Fifth, the new President has already signalled his recognition of the need to lead in reducing food poverty and social injustice. The gap between economically rich and poor nations is outrageous. The commodity price spike threw around forty countries into crisis. Ironically, the collapse of banking supremacy might possibly open up room for tighter, greener, healthy fiscal measures everywhere. Change in tax structures is essential for social and environmental justice alike. The WHO’s Commission on Social Determinants of Health has charted another way of thinking, which offers the new President rich suggestions about fiscal reform(17). To do this at home would be possible if similar reforms are championed internationally.

Delivering sustainable healthy consumption internationally will require confrontation of the US consuming public’s aspirations. The ‘right’ to be obese carries a social and environmental burden. There is an economic lock-in by US consumers to an excessive, oil-dependent ‘lifestyle’, consigning US impoverished consumers, like the impoverished everywhere, to a marginalised status. Thus far the US public, like consumers everywhere, shows few signs of having an epiphany. People want jobs and secure incomes, not homilies on why the rich consuming classes in the Organization for Economic Co-operation and Development need to consume less and differently. The need for a Green New Deal – not just a re-run of the 1930s but something radically different with the Planet at its heart – is vital, urgent and essential.

How likely is an agenda such as this?

So what will happen? The policy space is there, clearly, but sceptics are already nervous about President Obama’s appointment of former Iowa Governor Tom Vilsack to be Secretary of Agriculture. The Doha trade round has been stalled for over a year, with agricultural reform part of the blockage. Some have pronounced it dead; others think it could be resuscitated. Mr Vilsack has past links with the big business approach to food and farming. He was a leading member of the US Governors’ Biotechnology Partnership and the Governors’ Ethanol Coalition. But if he gets or is encouraged to get the ecological message, he should know where the reefs are in the choppy seas ahead.

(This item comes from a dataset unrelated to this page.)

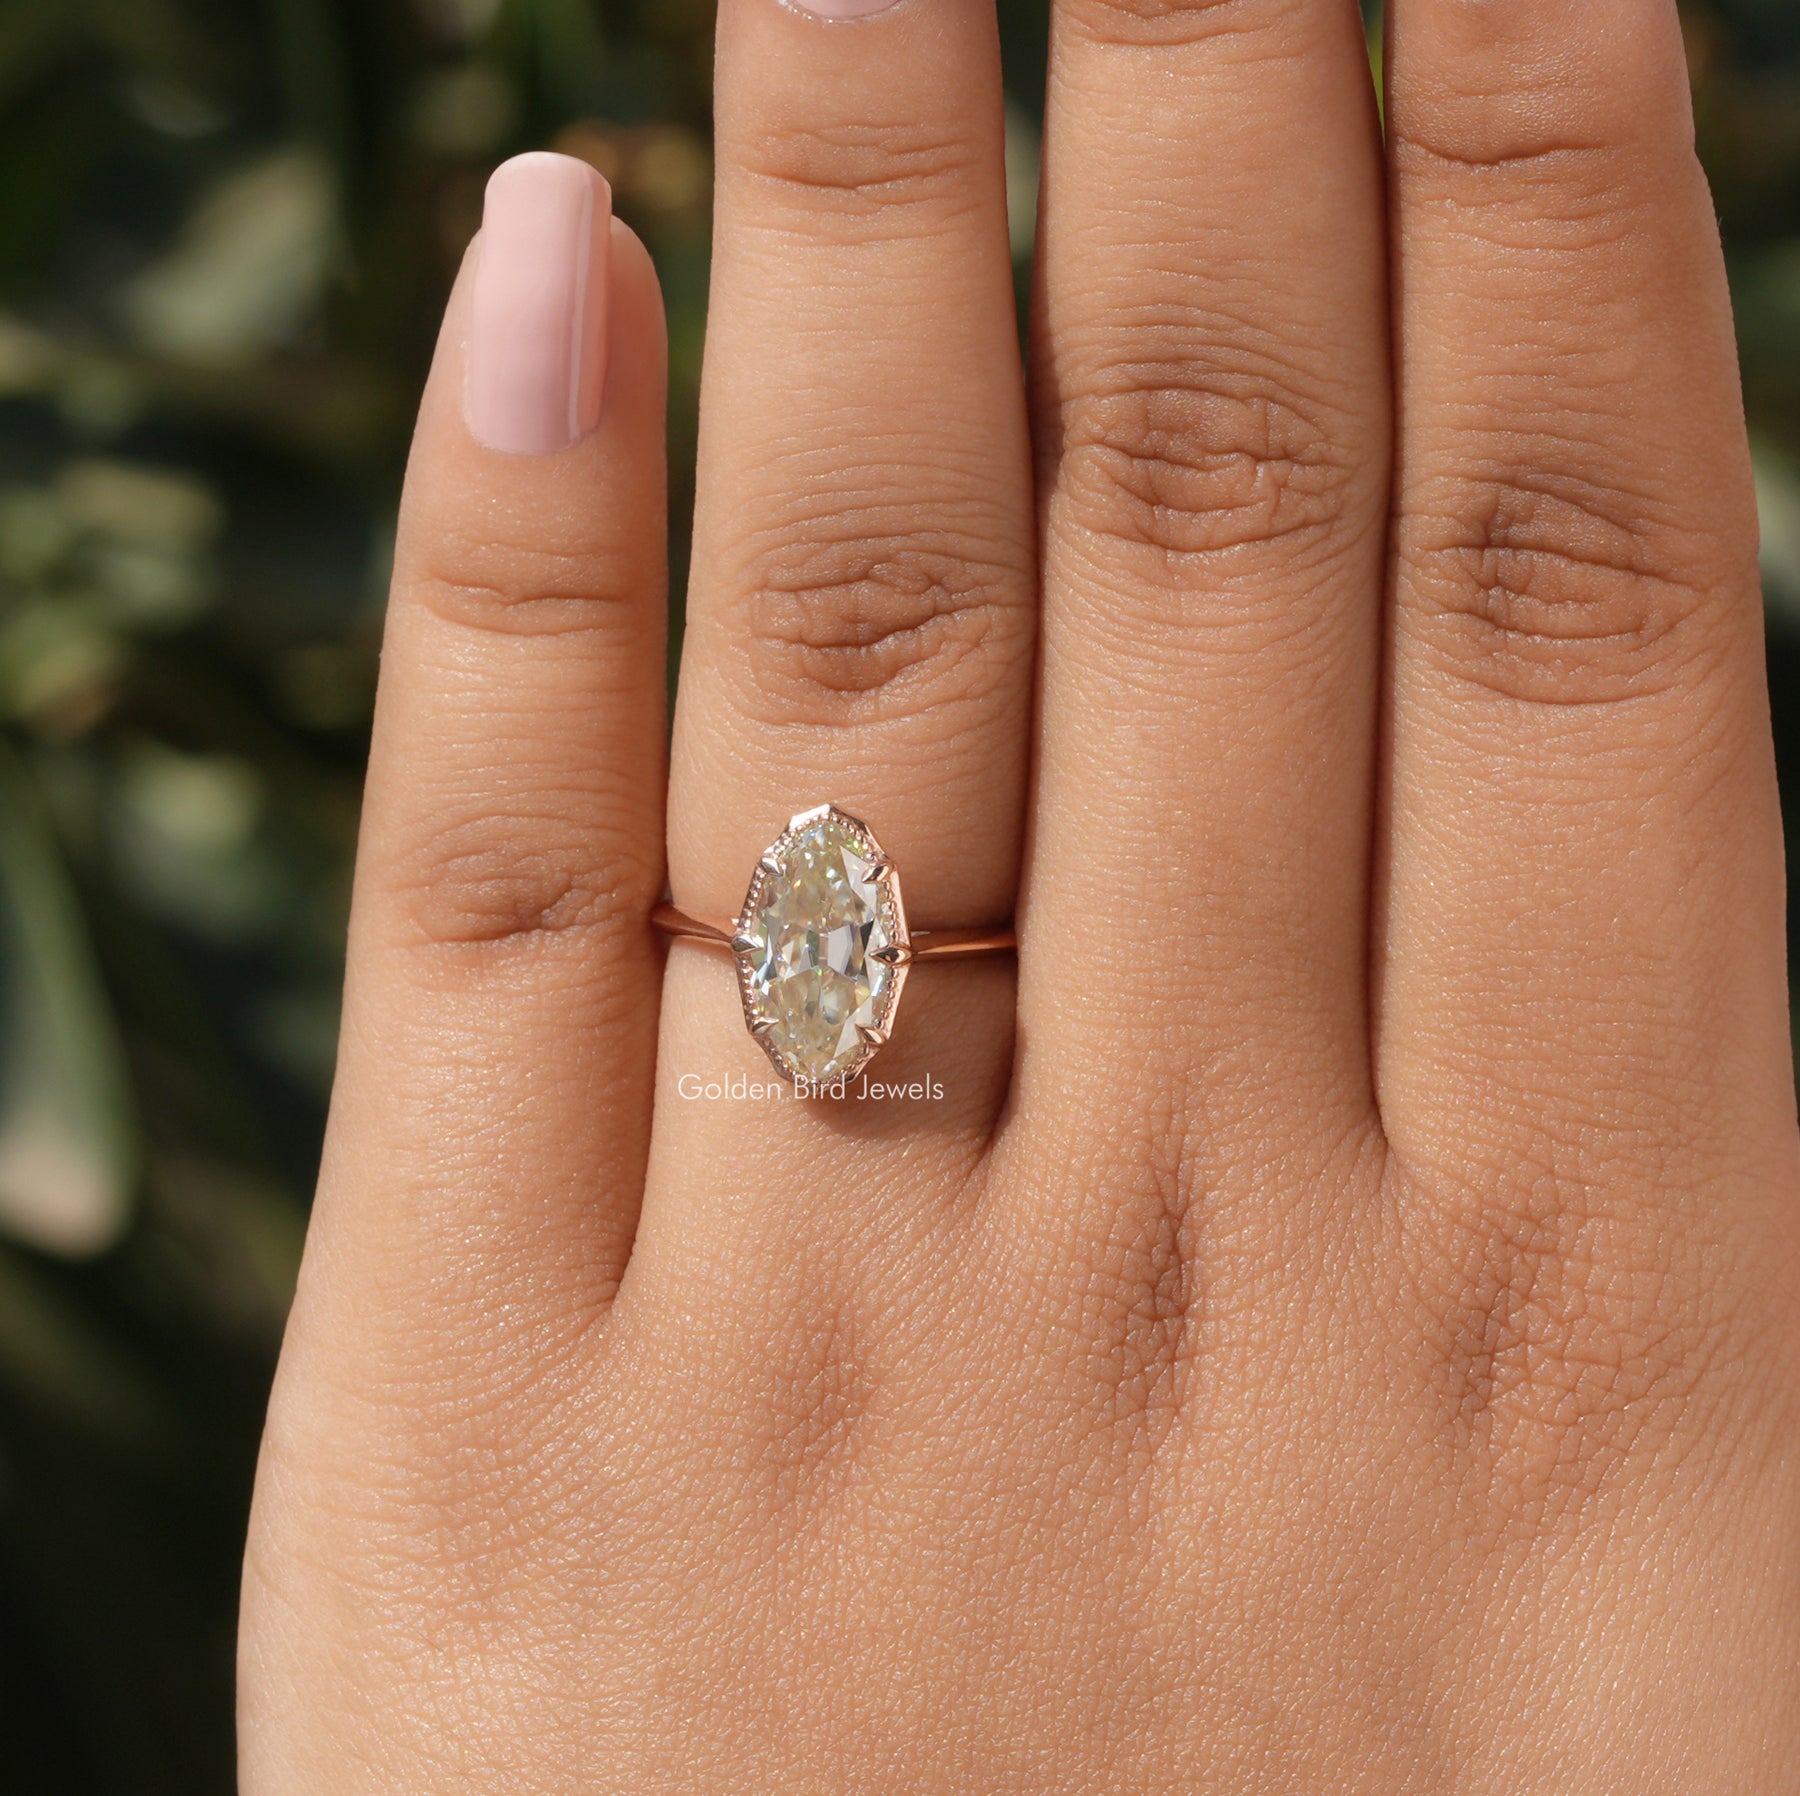 [In finger front view of moval cut solitaire ring made of VS clarity]-[Golden Bird Jewels]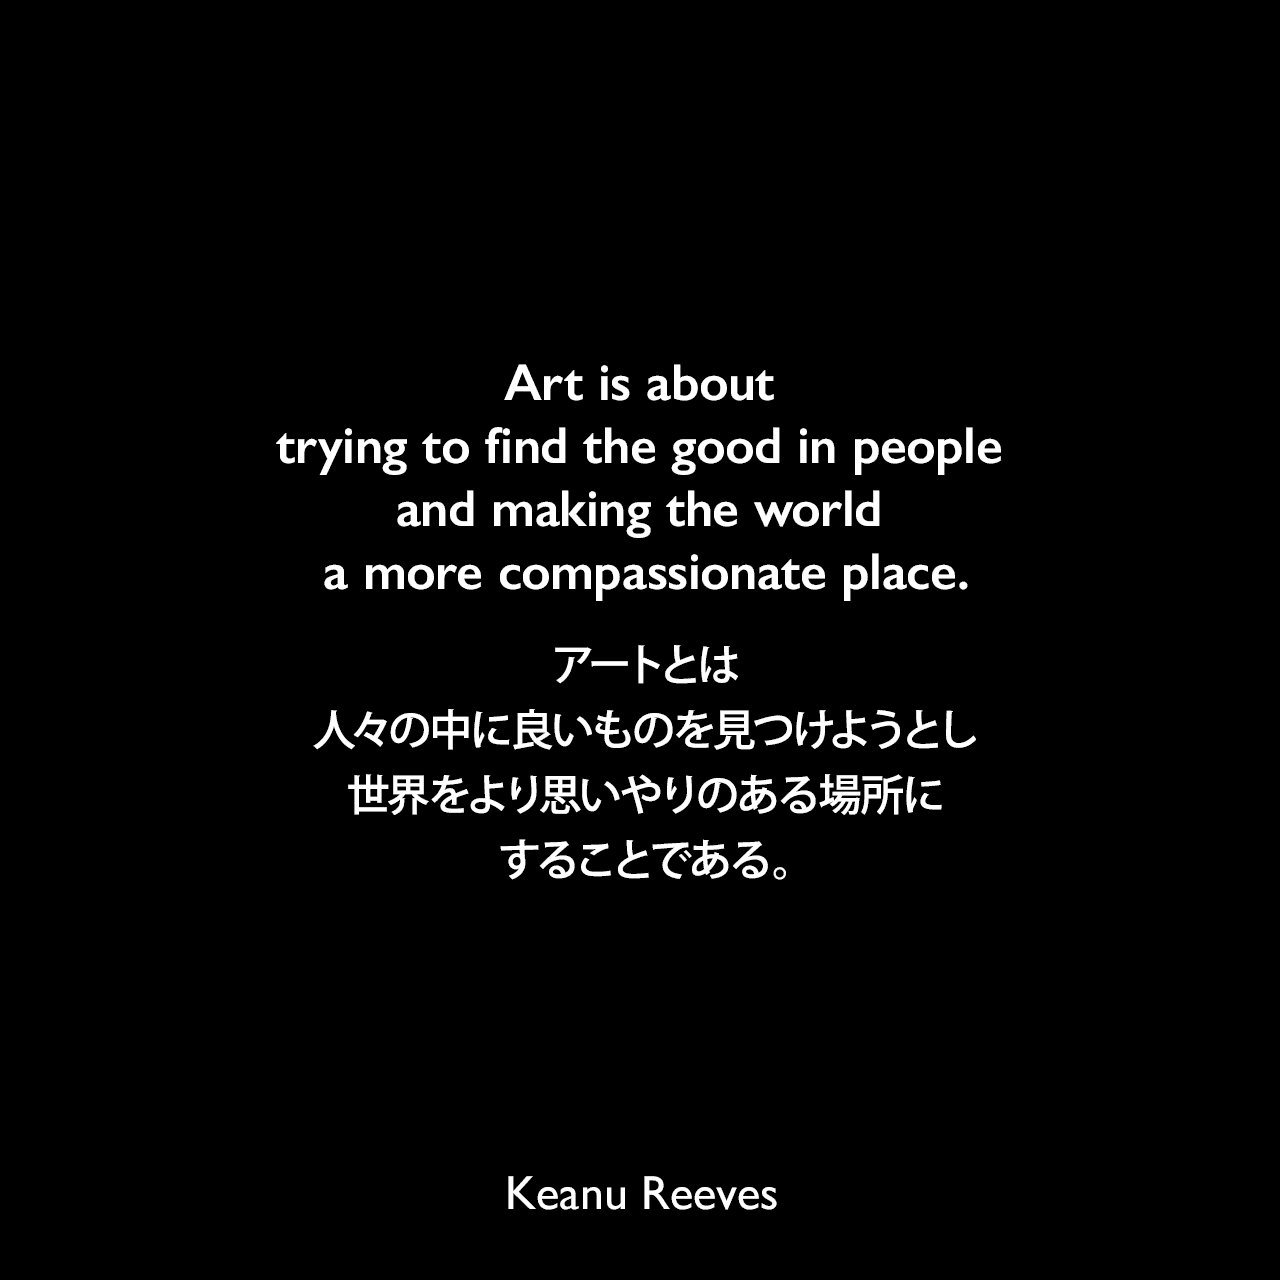 Art is about trying to find the good in people and making the world a more compassionate place.アートとは、人々の中に良いものを見つけようとし、世界をより思いやりのある場所にすることである。Keanu Reeves

A new era where food must deliver ecological public health, that works socially and environmentally as well as economically and personally, is upon us. The old productionist approach which metaphorically and literally mined the earth is exposed as ruinous and is no longer acceptable. The history of food policy suggests that progress requires a mix of good evidence, public pressure, articulated alternatives and deft political leadership. President Obama’s administration must and can address the international crisis at the same time as the crisis within the USA. In this 21st century, national, local and global food policy issues are inseparable.